Stephen Doxsee, a software developer, CTO and co-founder of SuccessionHR, a software company creating succession planning tools for companies, has found that AI can act as a partner that he can bounce ideas off of.

Mr. Doxsee says that in the past he might have worked with another programmer where one would “navigate” – sharing insights and ideas – while the other would “drive” at the keyboard. Now, AI is that virtual programming partner.

“AI can spit out code and help you cultivate your curiosity by digging deep to understand a problem,” he says. “It’s almost like a super senior developer who knows the ins and outs of lots of different things.”

But the technology has significant limitations.

“It’s not perfect,” Mr. Doxsee says. “AI can be overconfident and it’s not always accurate. You have to check what it does or put guardrails up around what it does so that it doesn’t lead you astray, build the wrong thing or introduce bugs into your code.”

Those concerns are echoed by Jyoti Kunal Shah, an independent researcher and director of application development for ADP, who examines refactoring – the process of restructuring code to make it cleaner or more efficient without changing what it does.

“Providing ... explanations for refactoring decisions can significantly enhance developer trust and transparency,” Ms. Shah writes in her paper, published in July 2024 in The American Journal of Engineering and Technology. “Such explanations connect the AI’s actions to well-known software engineering principles, making it easier for developers to assess and approve the changes.”

She describes a collaborative workflow where AI suggests improvements, explains its reasoning and then waits for a human developer to approve or reject the suggestion. When that happens, Ms. Shah writes, “the developer’s expertise combined with the AI’s speed and pattern recognition can yield optimal outcomes when decisions are transparent.”

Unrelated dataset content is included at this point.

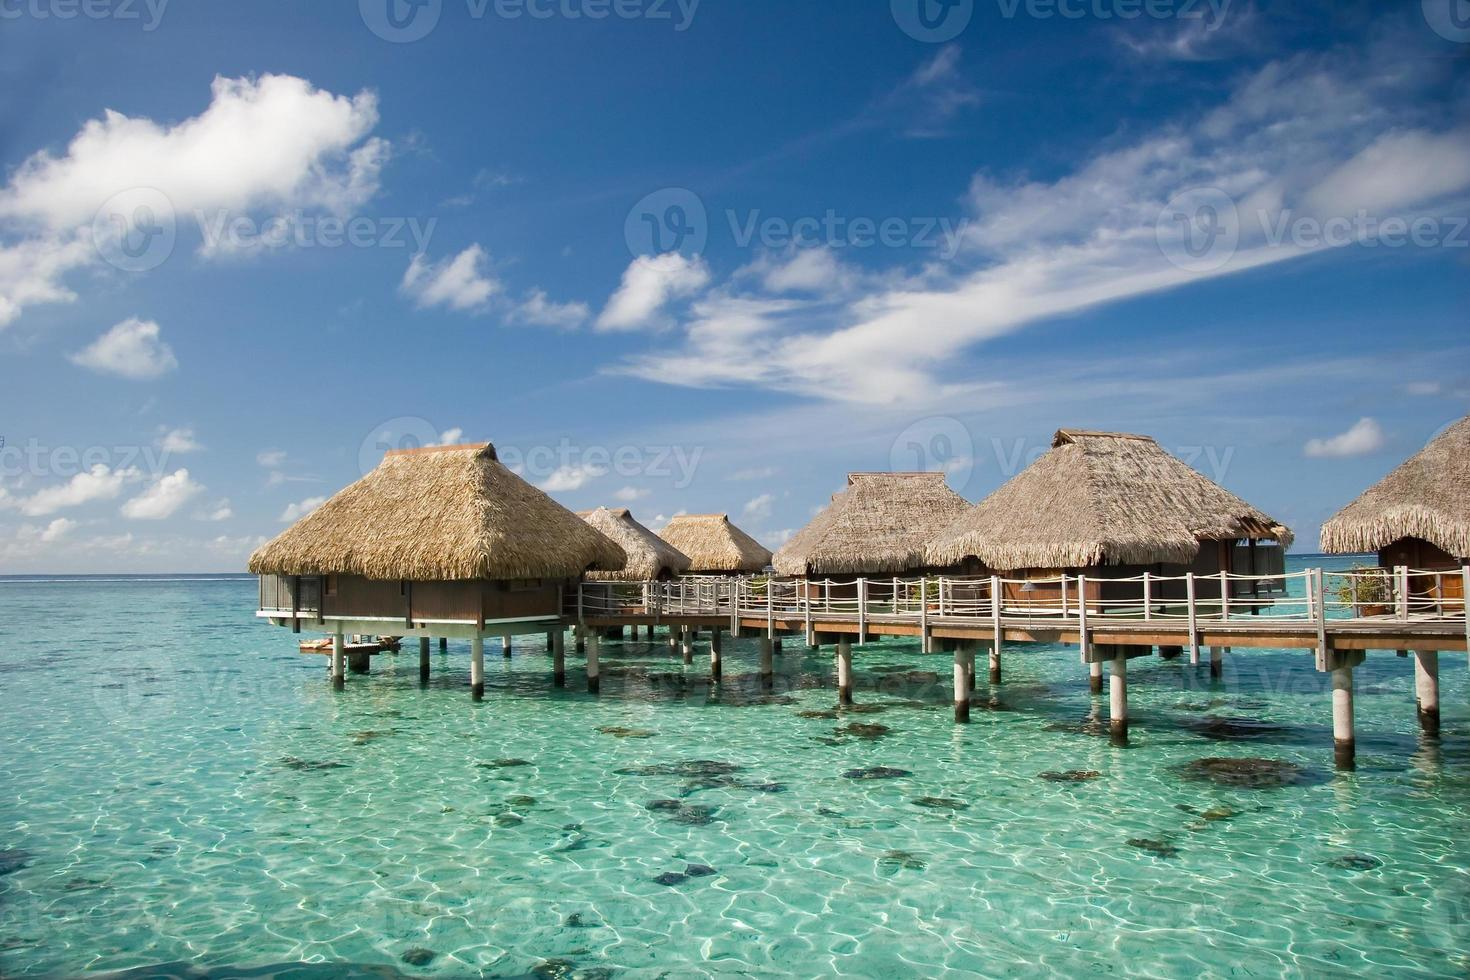 bungalow sull'acqua moorea foto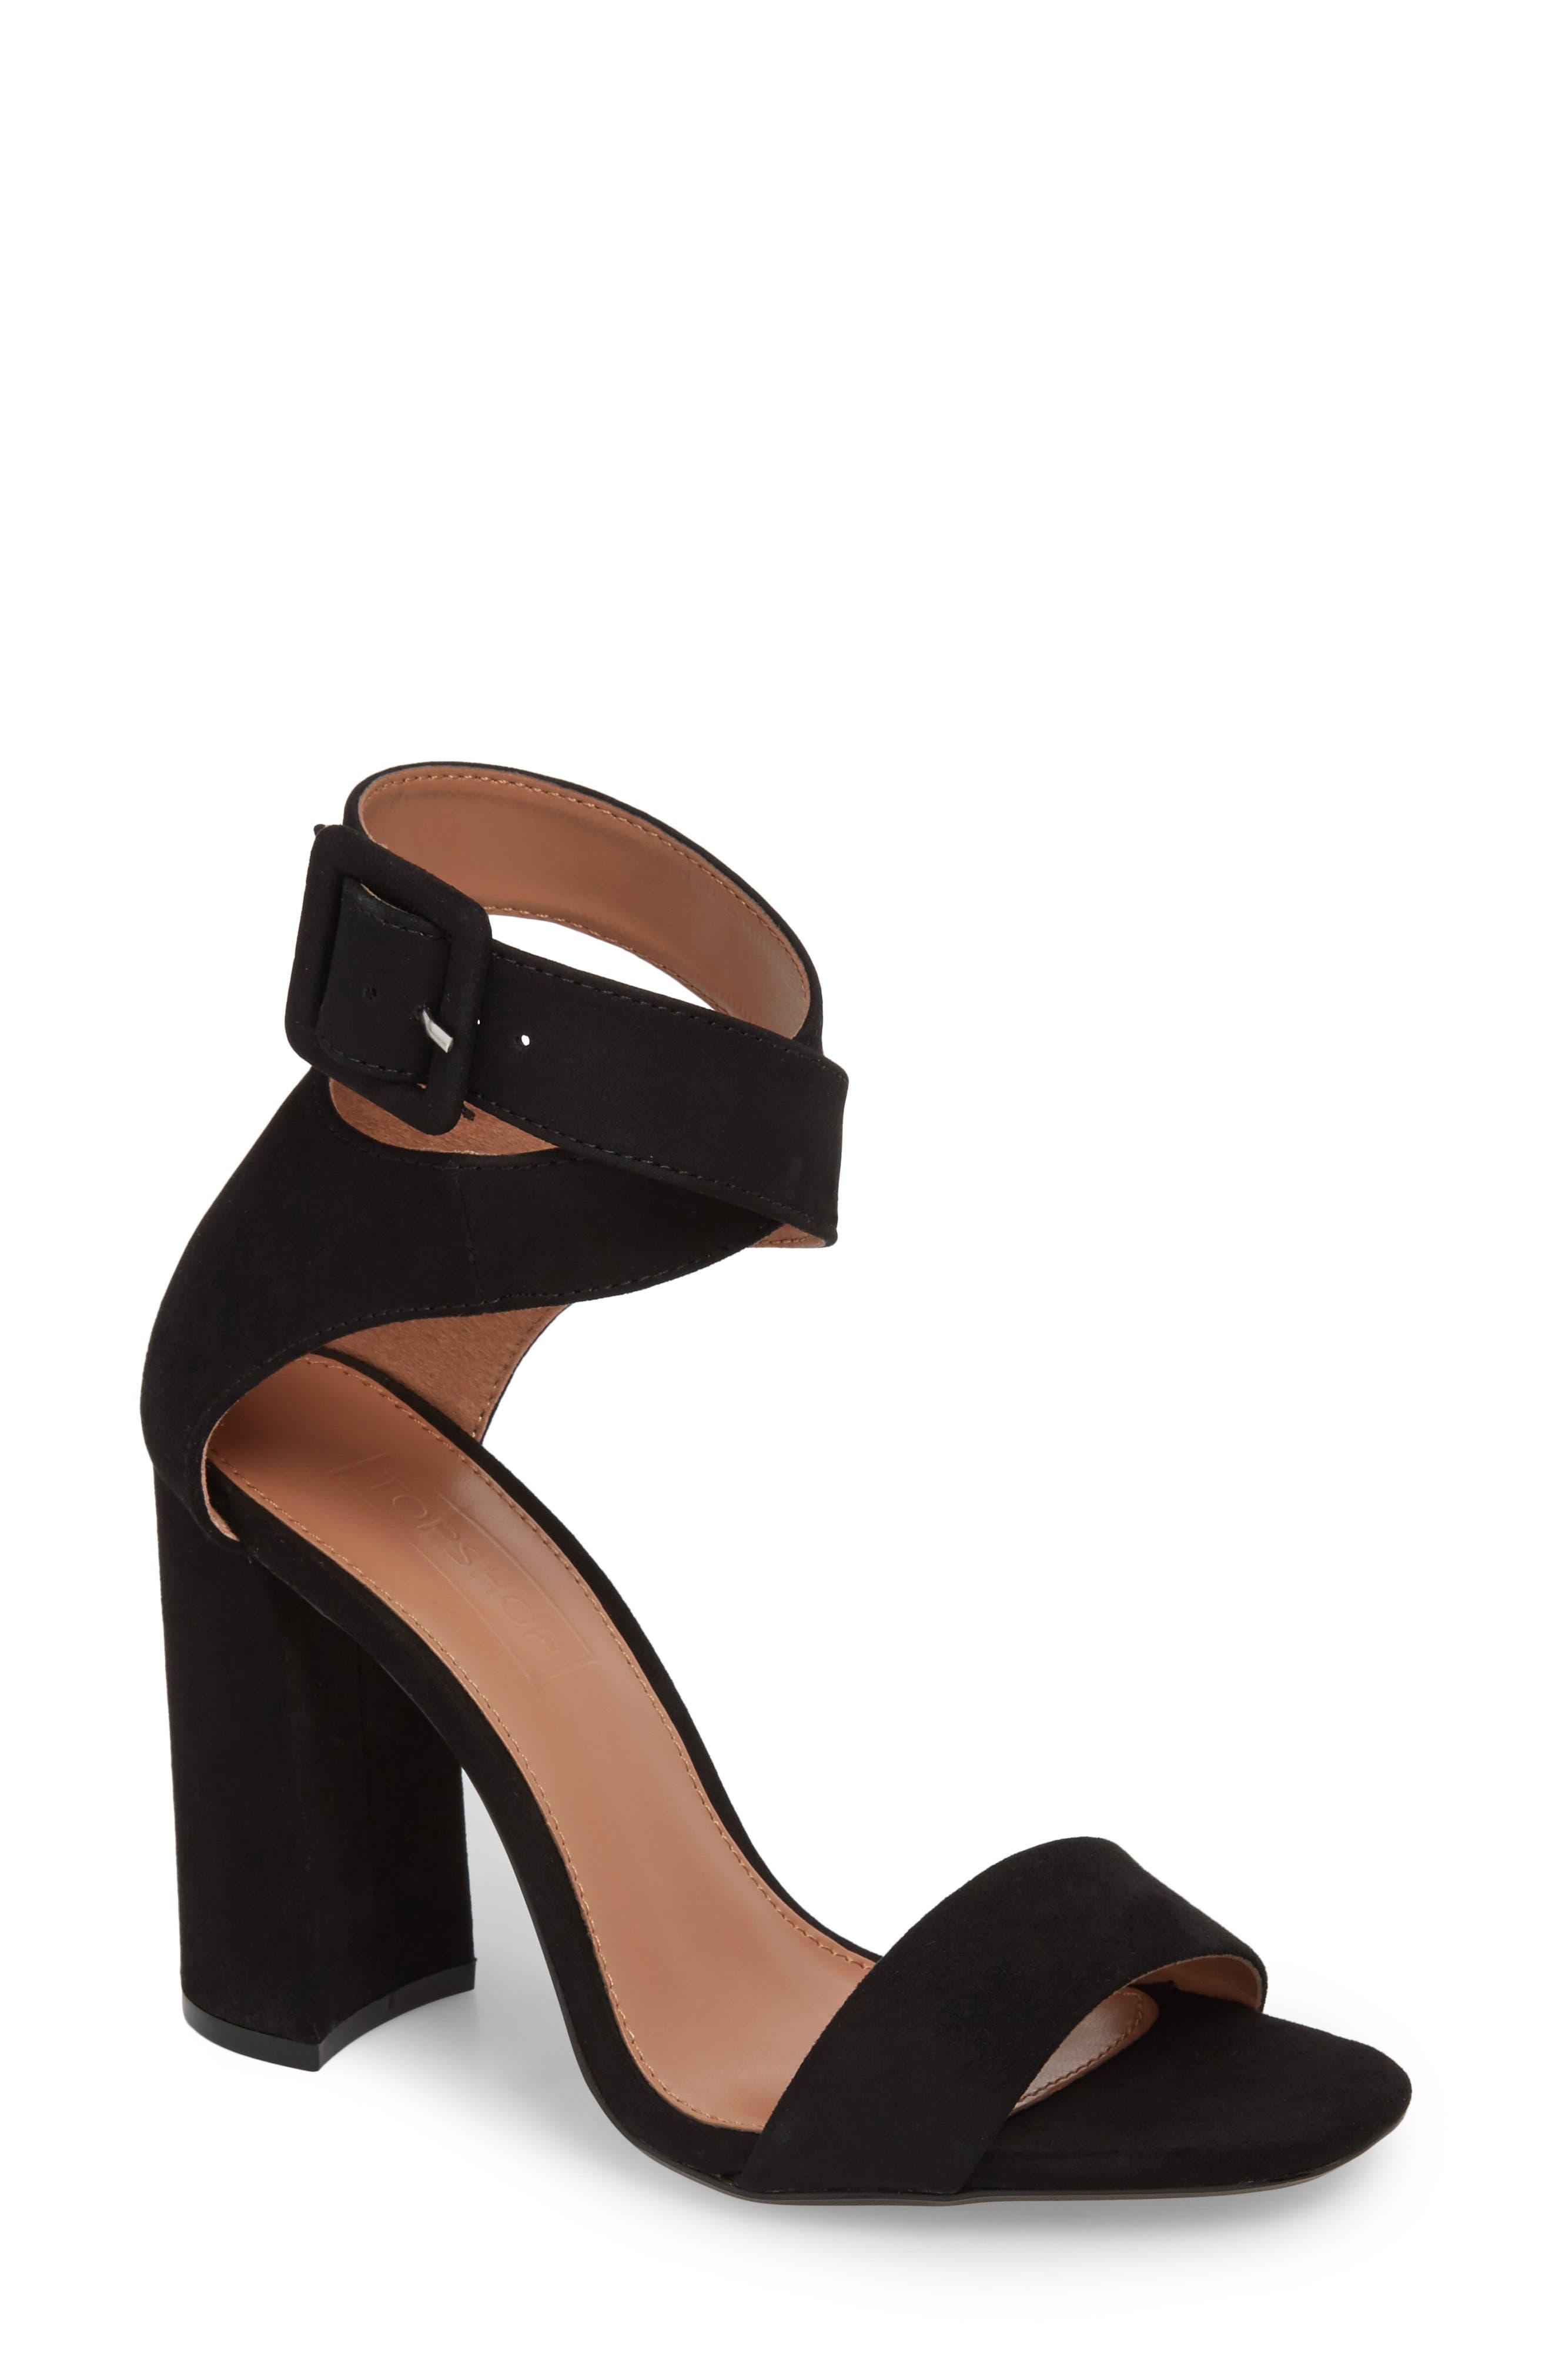 Sinitta Crossover Sandal,                         Main,                         color, Black

Despite AI’s limitations, both Mr. Maltais and Mr. Doxsee see it as an irreversible shift in their industry – one that elevates rather than replaces human coders.

“AI will certainly continue to improve, but I see humans as indispensable to the craft of coding,” Mr. Doxsee says. “We want to deeply leverage the insights AI can provide, but we want to keep people in the driver’s seat.”

Mr. Maltais admits that he feels anxious about AI taking his job. But he says that developers who learn to harness AI will remain in high demand.

“The most powerful thing we can do as engineers is use it regularly and find creative ways to be more productive and provide more value,” he says. “It’s hard to predict where things are going, but finding new ways to use AI is really the main way we can make ourselves more potent as individuals.”